El argumento es delirante: mujer que enviuda en barrio residencial repijo, y que se impone no perder su estatus y mantener a sus dos hijos, un adolescente respondón y un chaval de diez años con problemas comunicativos pero con un ingenio descomunal (apunte: es el mejor personaje infantil que he visto en mi vida). Para ello, escoge una salida fácil, pero muy compleja: se hace traficante de marihuana; primero a pequeña escala, y, más adelante, ampliando el negocio y constituyendo un singular equipo de "narcos" bajo sus órdenes.

Personajes desequilibrados, oprimidos por la dictadura de las apariencias, que buscan, como lo hacemos todos, sus particulares válvulas de escape. El niño, grabando videos raros con una mini-DV. El adolescente, enamorándose de una chica sorda. La madre, bebiendo batidos sin parar. La asistenta, leyendo revistas de cotilleo. La amiga, que padece cáncer, presentándose a concejala. El contable, fumando marihuana y consumiendo pornografía. La traficante negra, haciendo calceta y liándose con un predicador mahometano.

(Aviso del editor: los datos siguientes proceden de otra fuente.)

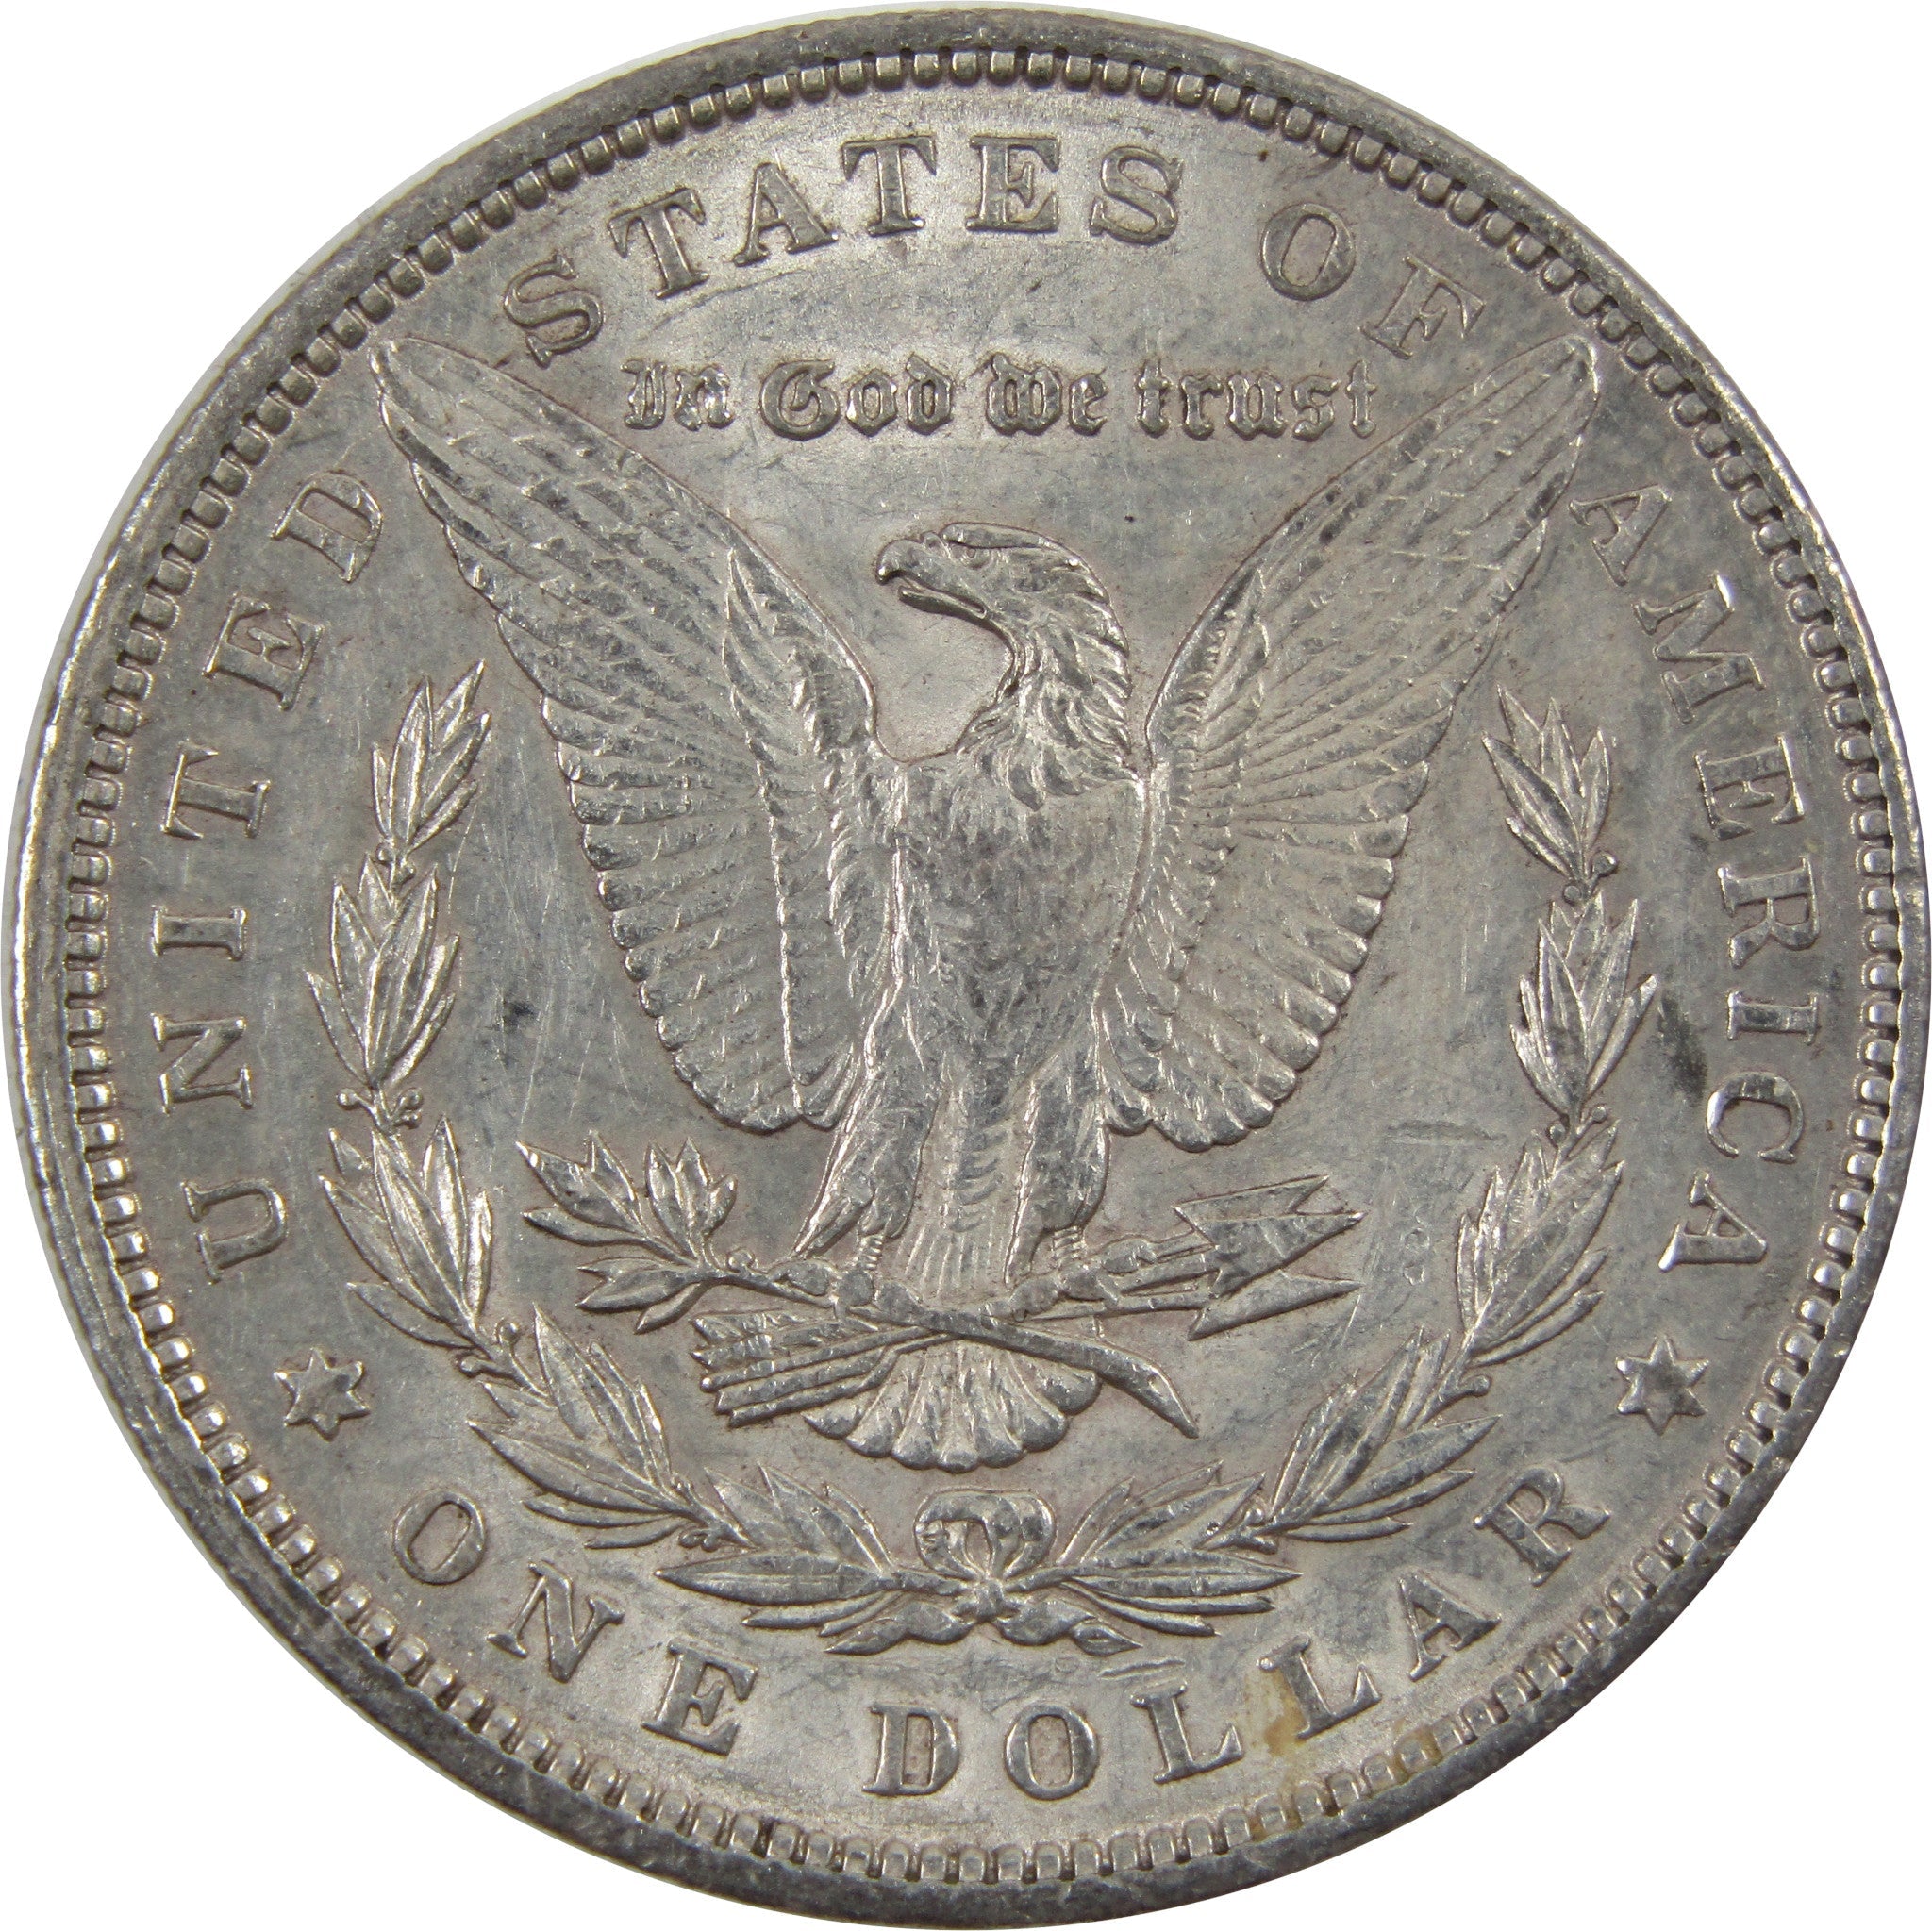 1900 Morgan Dollar AU About Uncirculated 90% Silver $1 Coin SKU:I5525 - Morgan coin - Morgan silver dollar - Morgan silver dollar for sale - Profile Coins &amp; Collectibles

Un aguafuerte de nuestra sociedad que es ratos tragicómico, delicioso, obsceno, excesivo, audaz, iconoclasta. Un feliz descubrimiento. Se me acaban los adjetivos. Síguela, lector improbable.

Retoques


Abro el año enlazando con un comentario espléndido de 'Diarios de fútbol' sobre el retoque malintencionado que Marca pergeñó para ilustrar una presunta información pseudodeportiva. Comparto al cien por cien la idea de que cuando un periódico se ve obligado a inventar una foto para darle credibilidad a una noticia es que hace tiempo que extraviaron aquella credibilidad. Mal síntoma.